Et laisse-le faire aussi, Piarrot.
PIERROT
Quement, que je le laisse faire. Je ne veux pas, moy !
D. JUAN
Ah.
PIERROT
Testiguenne, par ce qu'ous estes Monsieu, ous viendrez caresser nos femmes à note barbe ? allez u-s-en caresser les vostres.
D. JUAN
Heu ?
PIERROT
Heu. D. Juan luy donne un soufflet. Testigué, ne me frapez pas. Autre soufflet. Oh, jernigué ! Autre soufflet. Ventrequé !

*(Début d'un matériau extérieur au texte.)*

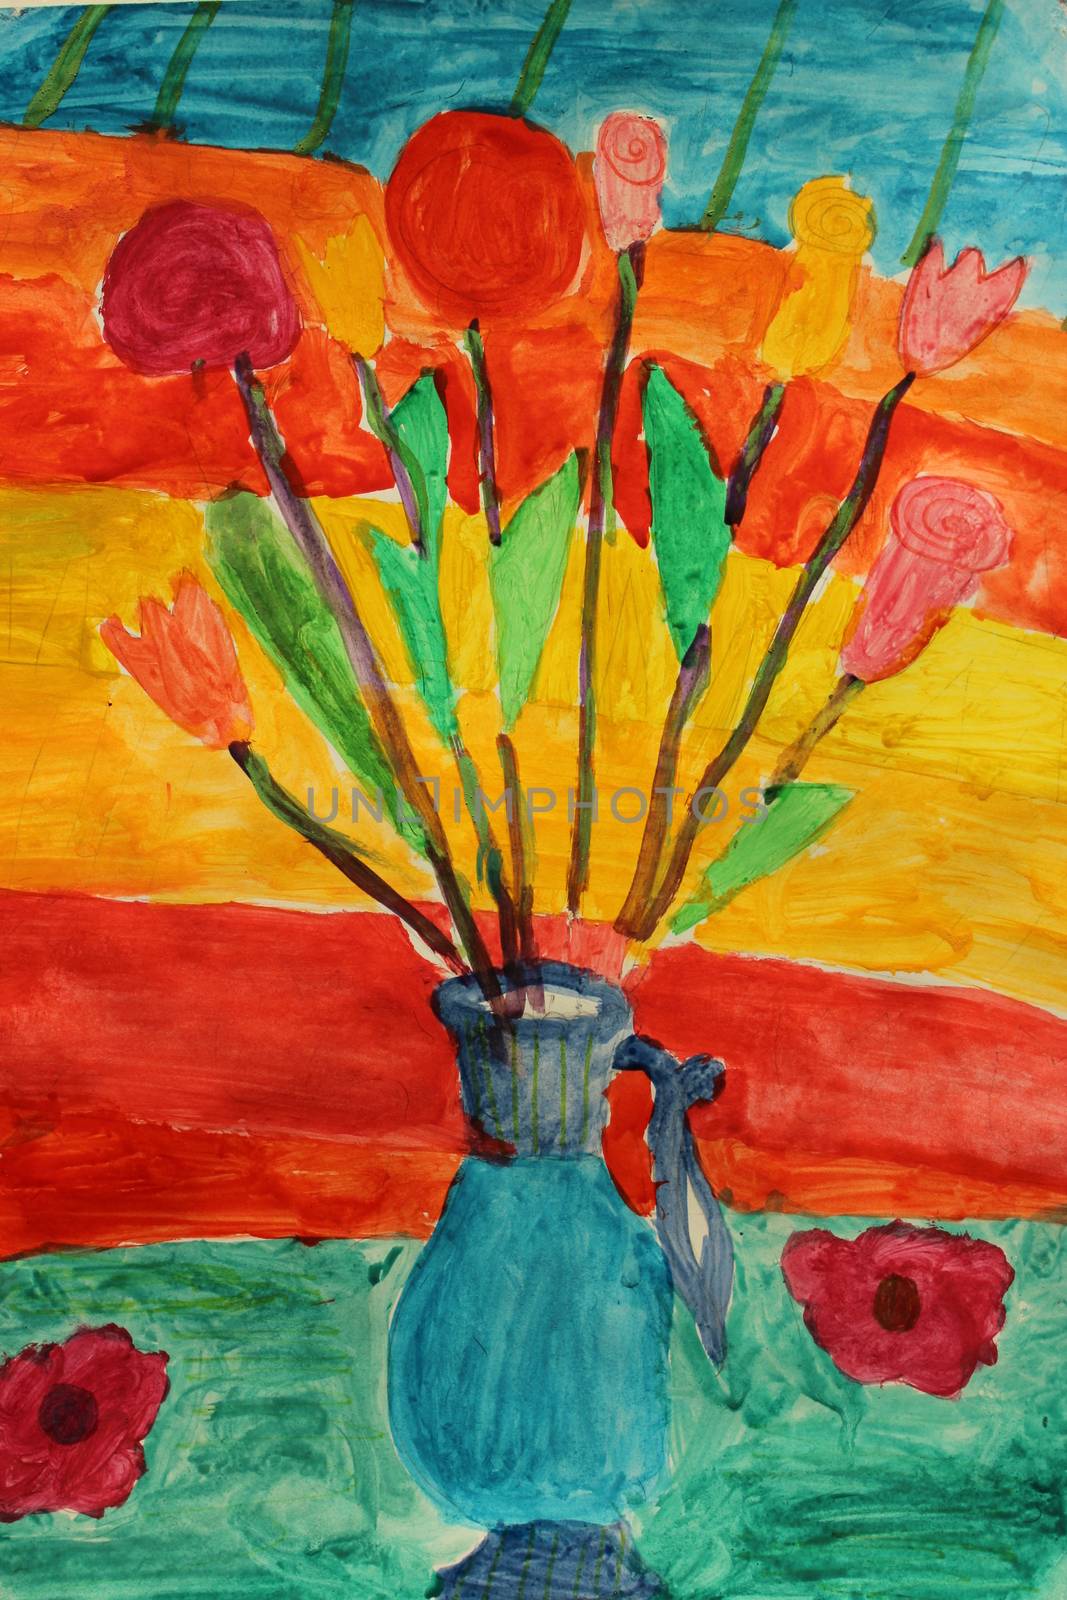 Children's drawing with blue pitcher with flowers by alexmak

Autre soufflet. Palsanqué, morquenne, ça n'est pas bian de batre les gens, et ce n'est pas là la recompense de u-s-avoir sauvé d'estre nayé.
CHARLOTE
Piarrot, ne te fasche point.
PIERROT
Je me veux fascher, et t'es une vilainte toy d'endurer qu'on te caieole.
CHARLOTE
Oh, Piarrot, ce n'est pas ce que tu penses, ce Monsieur veut m'épouser, et tu ne dois pas te bouter en colere.
PIERROT
Quement ? jerny, tu m'es promise.
CHARLOTE
Ça n'y fait rien, Piarrot, si tu m'aimes, ne dois-tu pas estre bien-aise que je devienne Madame.
PIERROT
Jerniqué, non, j'aime mieux te voir crevée que de te voir à un autre.